Data shown:
--
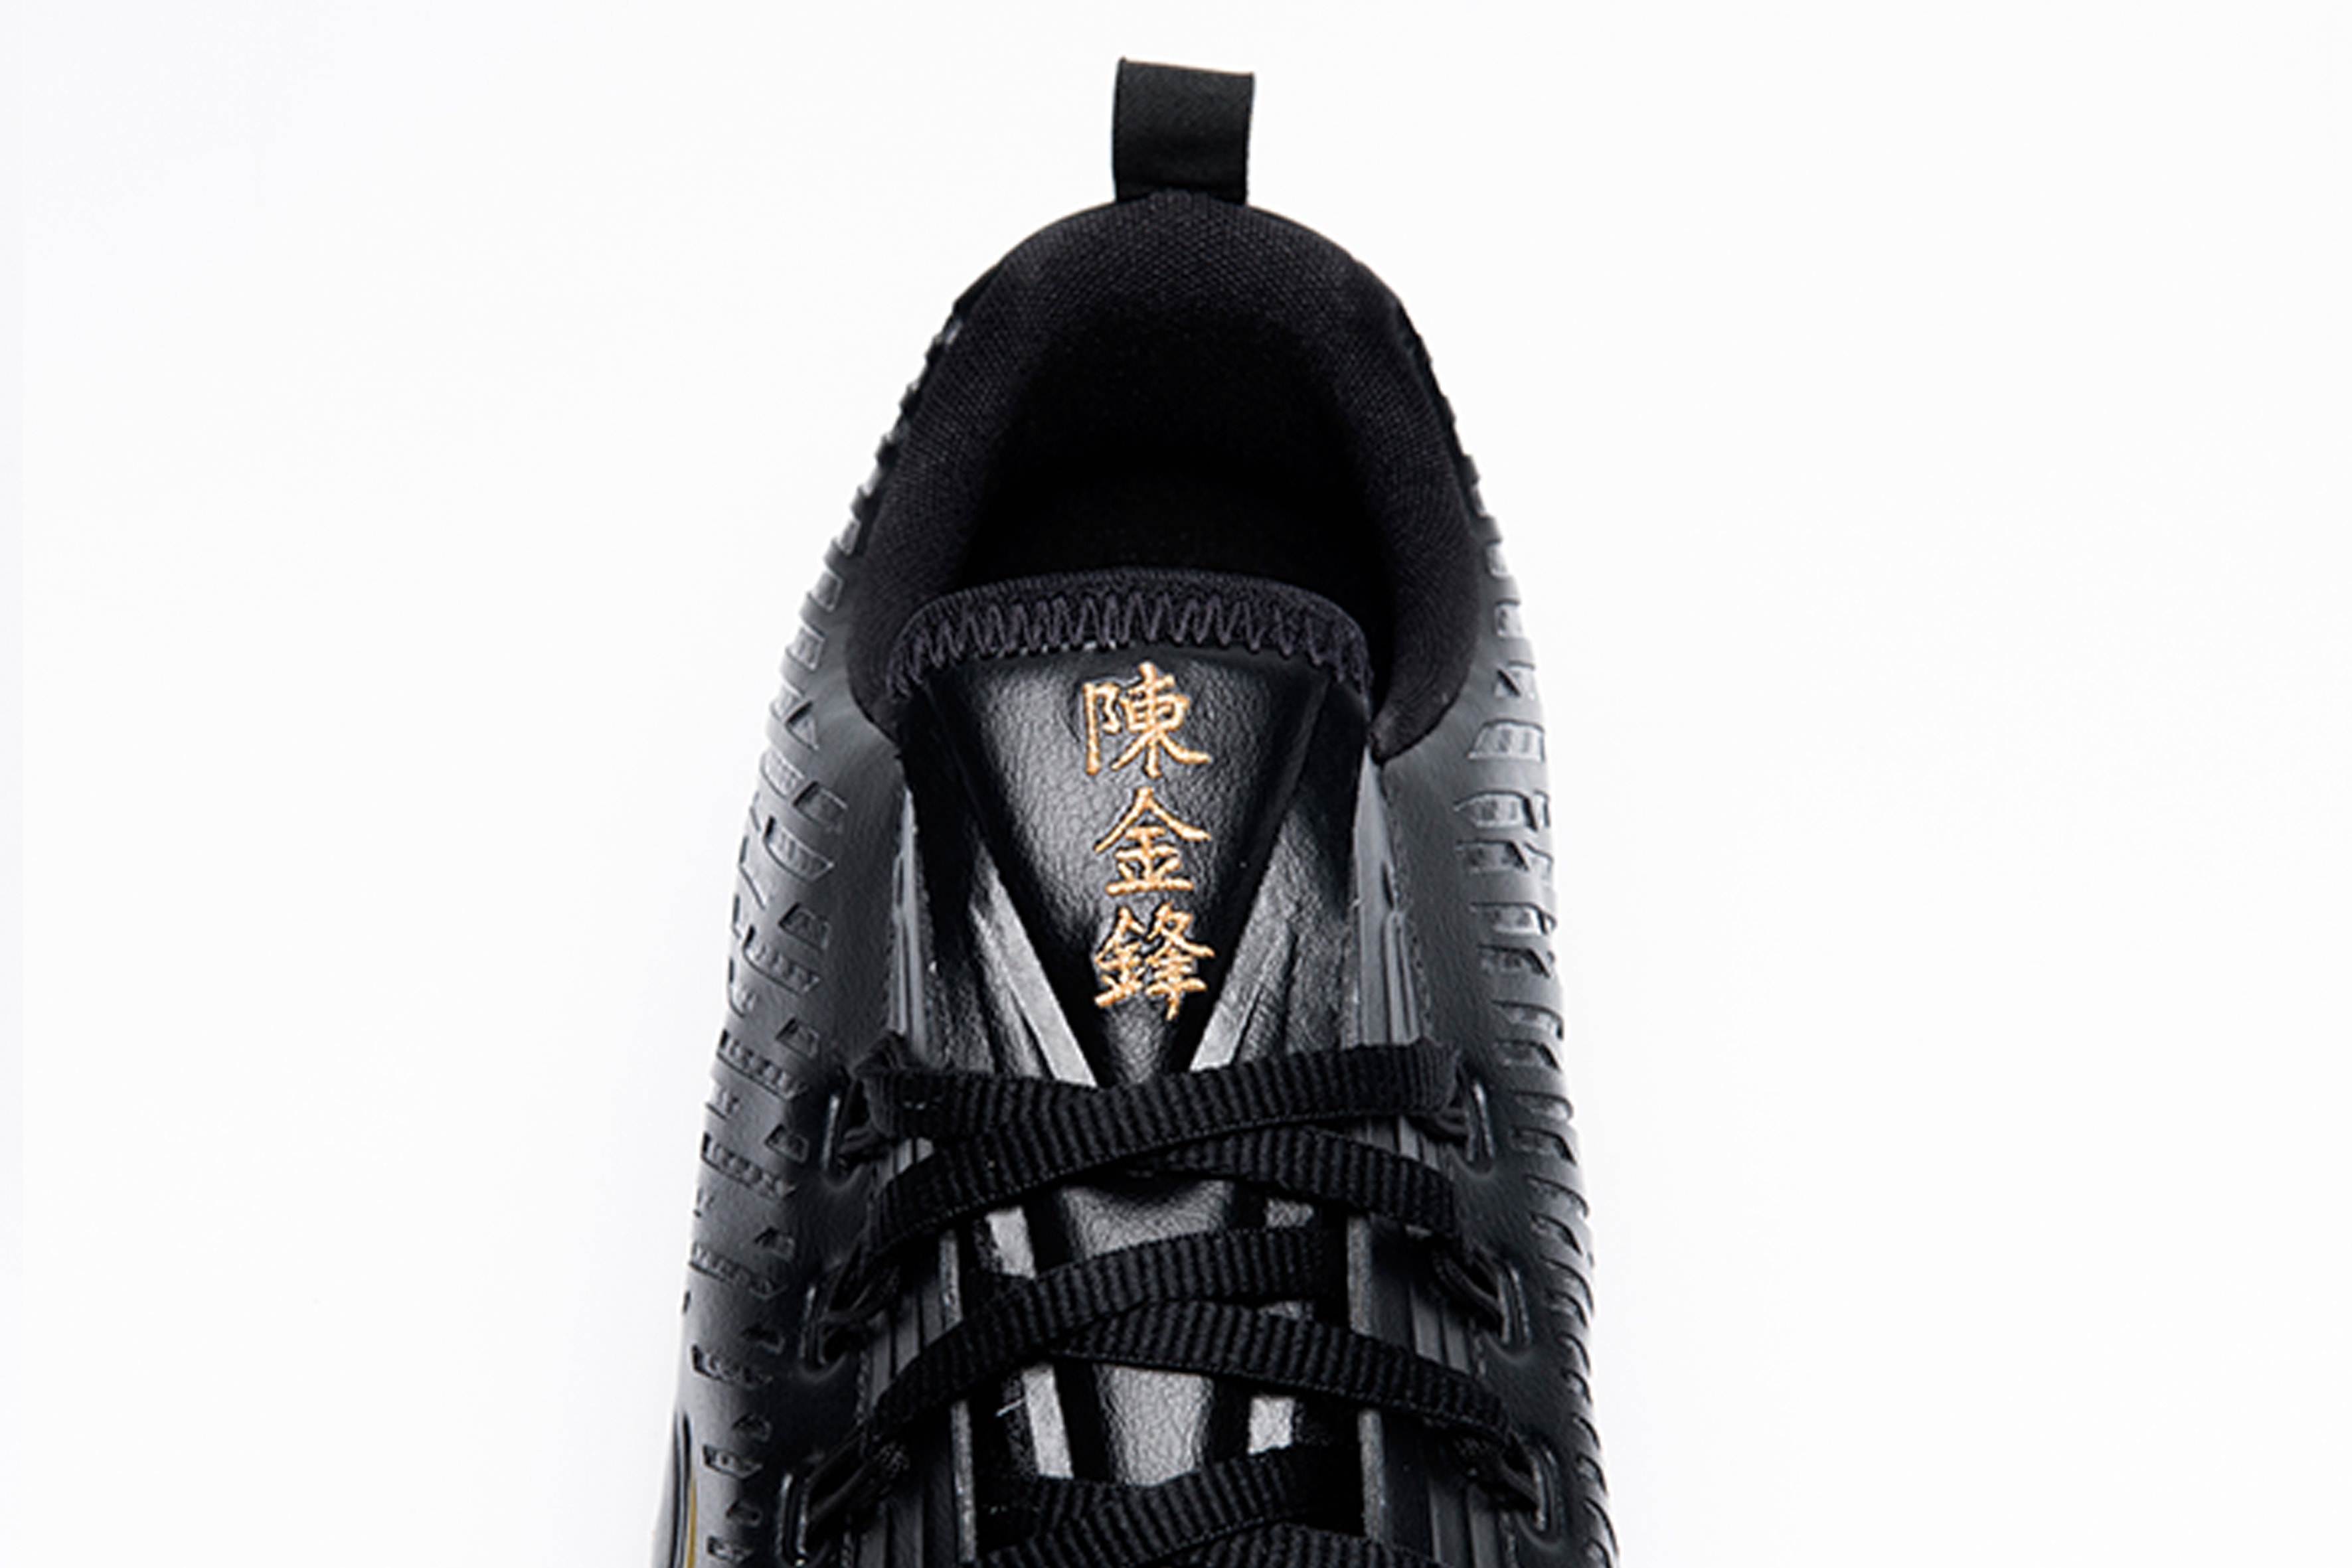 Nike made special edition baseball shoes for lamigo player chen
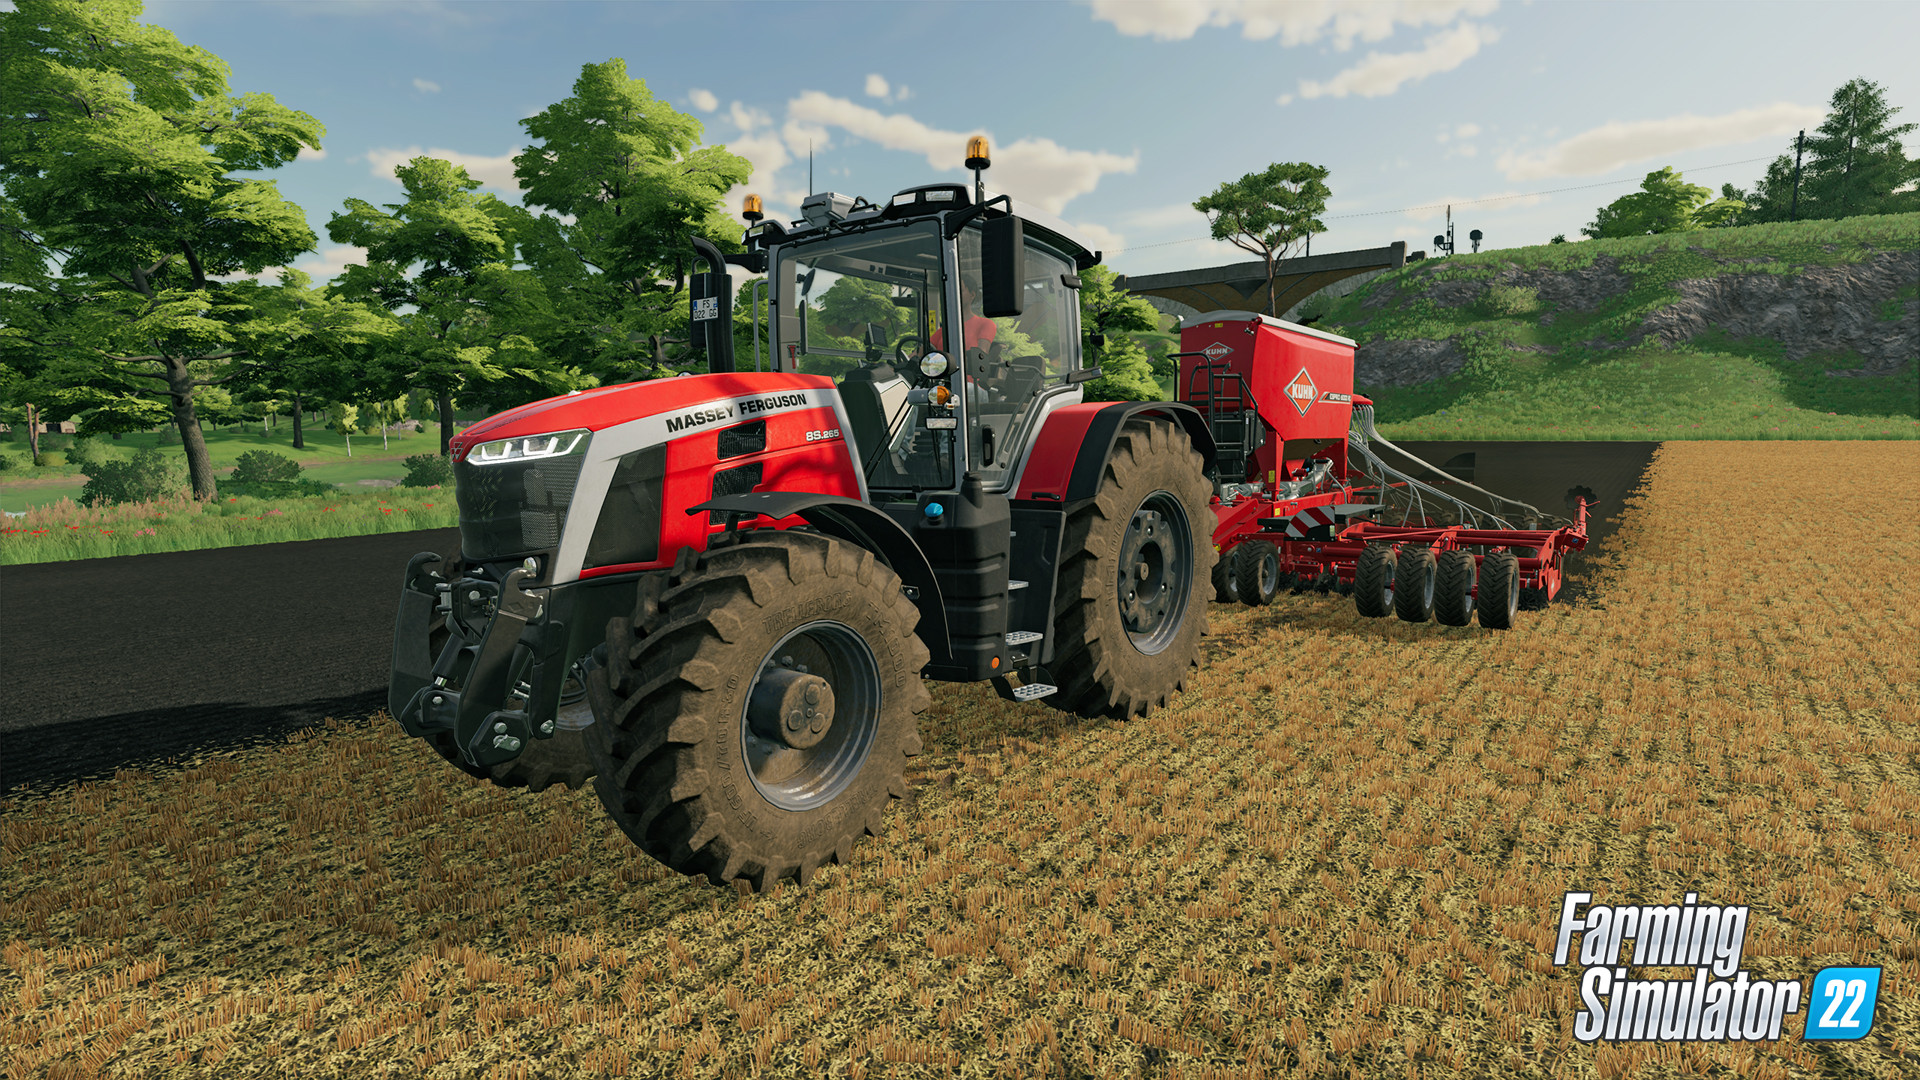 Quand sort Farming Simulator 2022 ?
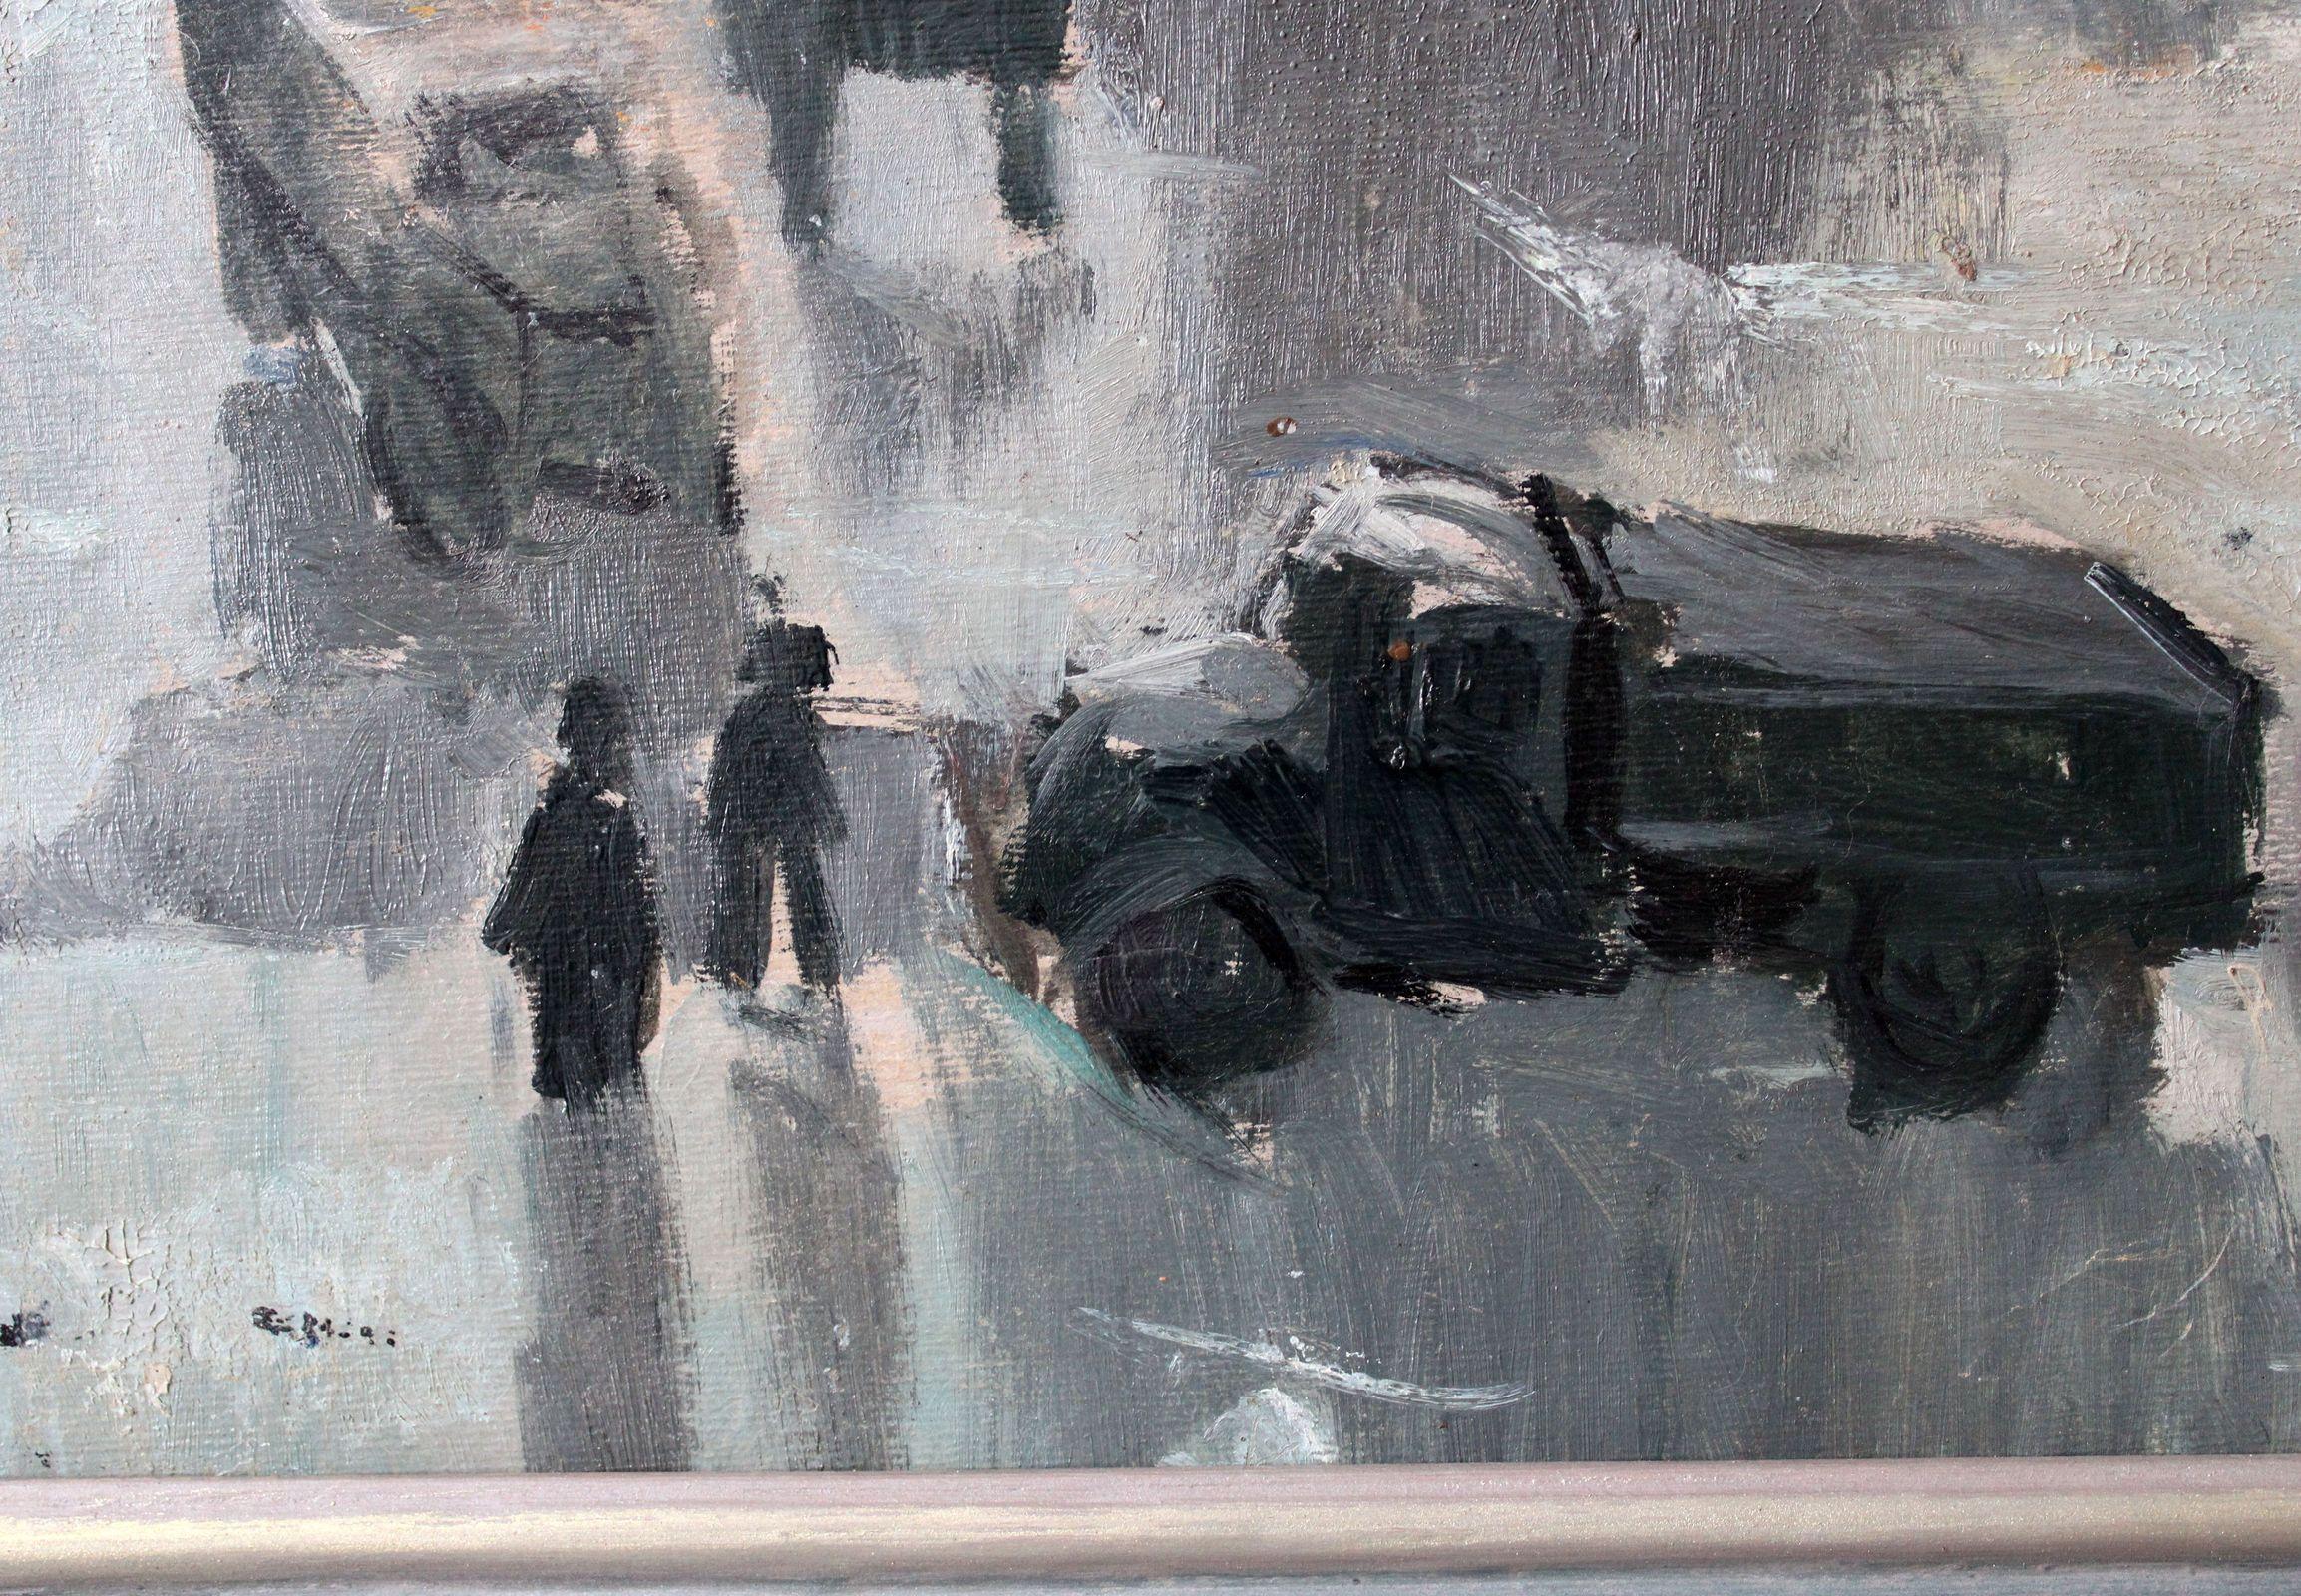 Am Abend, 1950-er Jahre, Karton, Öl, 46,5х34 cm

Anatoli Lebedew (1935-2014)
--
Exercise prompt: The listing above should be returned word for word, with pictures omitted.

Result:
 Nike made special edition baseball shoes for lamigo player chen
 Quand sort Farming Simulator 2022 ?
 Am Abend, 1950-er Jahre, Karton, Öl, 46,5х34 cm

Anatoli Lebedew (1935-2014)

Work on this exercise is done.